The beauty of Cement Render in the bathroom

Beauty is only skin deep but boy does it take a long time to achieve particularly when applying a render.

For the last few years devouring home and house magazines and seeing the matured version of the love child created by passionately insane people with their hip pads and carefully curated “mess” and strategically placed children and fur creatures became my most treasured moment. 

Then came Pinterest. And well that simply ruined any hope I had to keep tech at a safe distance (hoping that I could prove wrong the most obvious of contradictions that face nature loving hipsters who need to share their ideas with the world !).

Now it was my turn to make my vision into my reality. 

This was the bathroom I wanted (found on Atelier’s website) with its earthen minimalistic tones and organic hues, it felt right and fit in exactly with the soul of the home I had sketched in my minds eye. 

So I asked around and found that only very specialised tradies seemed to know how to do it and would charge around $230 per square meter.

I did find a company called Render It Oz but they were based in Melbourne and used a product called Tadelakt. They were kind enough to reccomend me someone in the blue mountains but in the end I had one real job – to save money where possible. 
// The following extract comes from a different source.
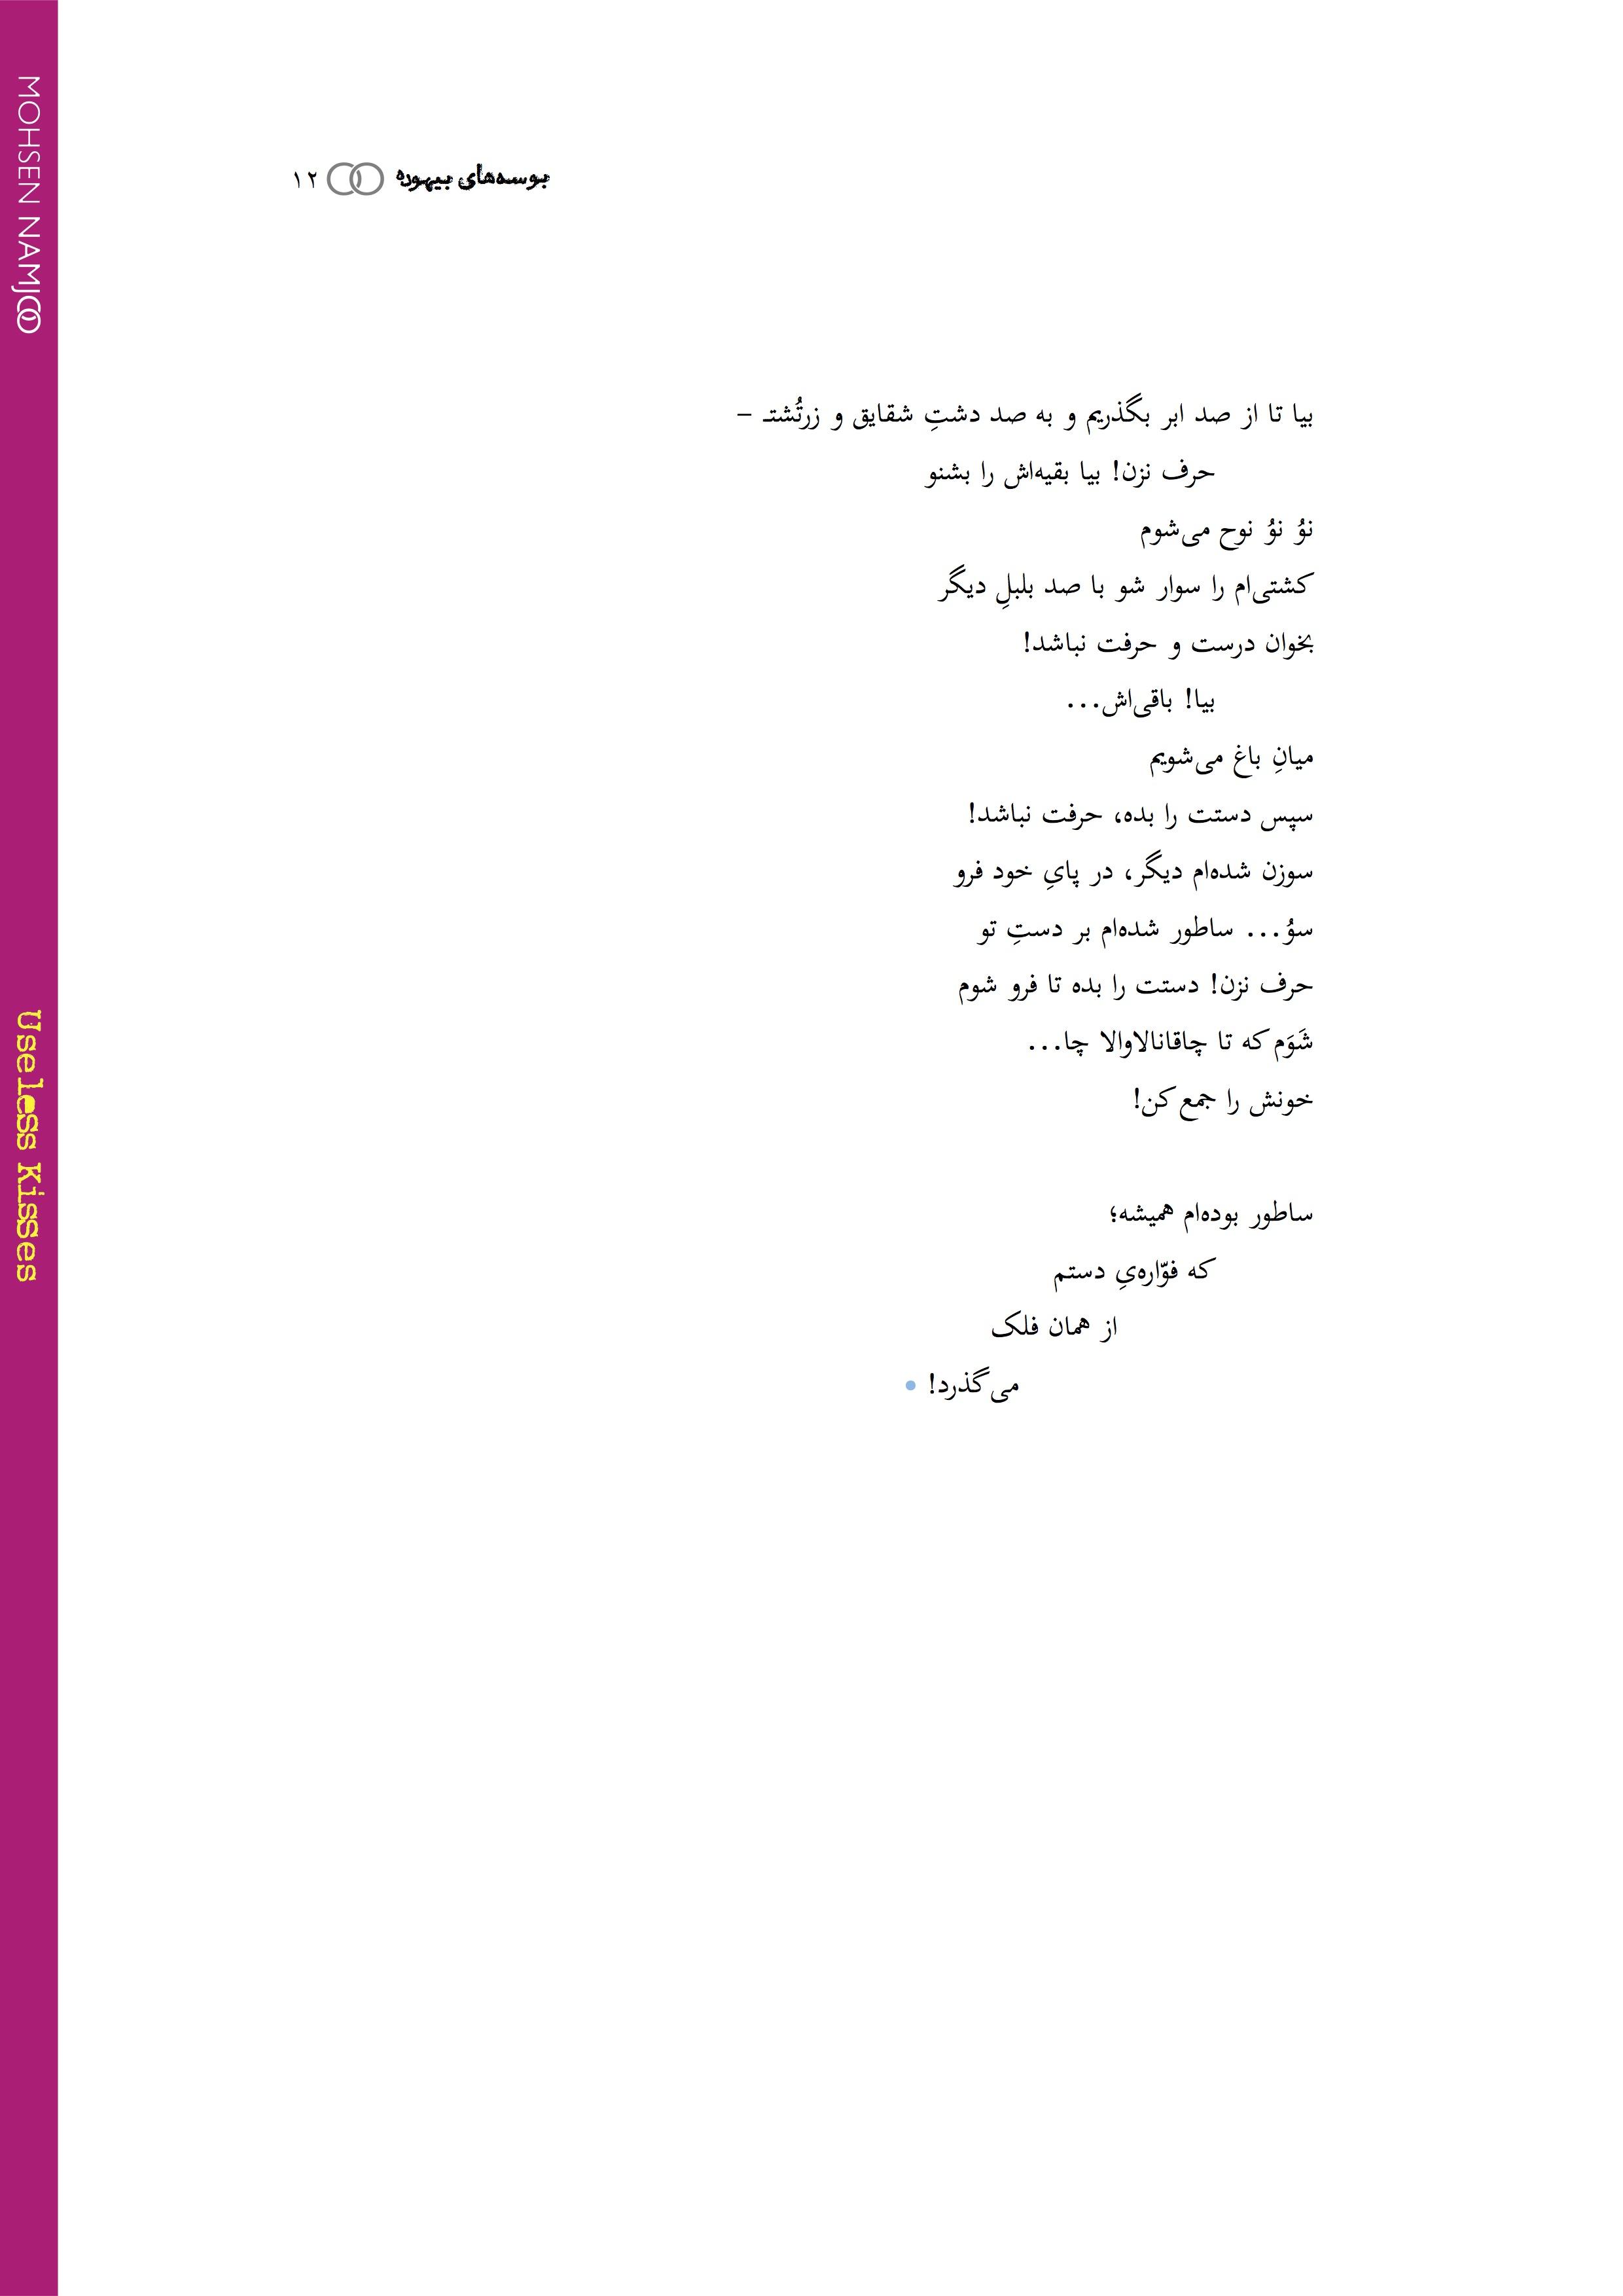 11Useless Kisses eBook (2nd Edition).jpg

Then I found CimentArt Australia. They were the only distributors of a thin cement render product that would be perfect for wet areas. The catch is that if you wanted to buy the product you had to attend their workshop at their store in Sutherland which my husband did and was quite happy doing. The team at CimentArt were great. Applying the product was a different matter. It took Simon 10 hours to put the base coat on to the ensuite and bathroom walls. 

While it was back braking work we saved money and loved the results. We now need to wait till it dries before we put on the final application.

In the end we saved almost 50% on the total cost and it felt great being so involved with the processes that would eventually transform into our very own work of art.

Simon slowly getting the hang of it.what else would I do during the break?

My job was to mix the products in their right proportion. If I got it wrong the colour would have been inconsistent and patchy. I enjoyed watching the cement mic turn from a dark blue to a grey as I continued to stir.

Now I can’t wait to get back to the block to see what the walls look like when they are dry!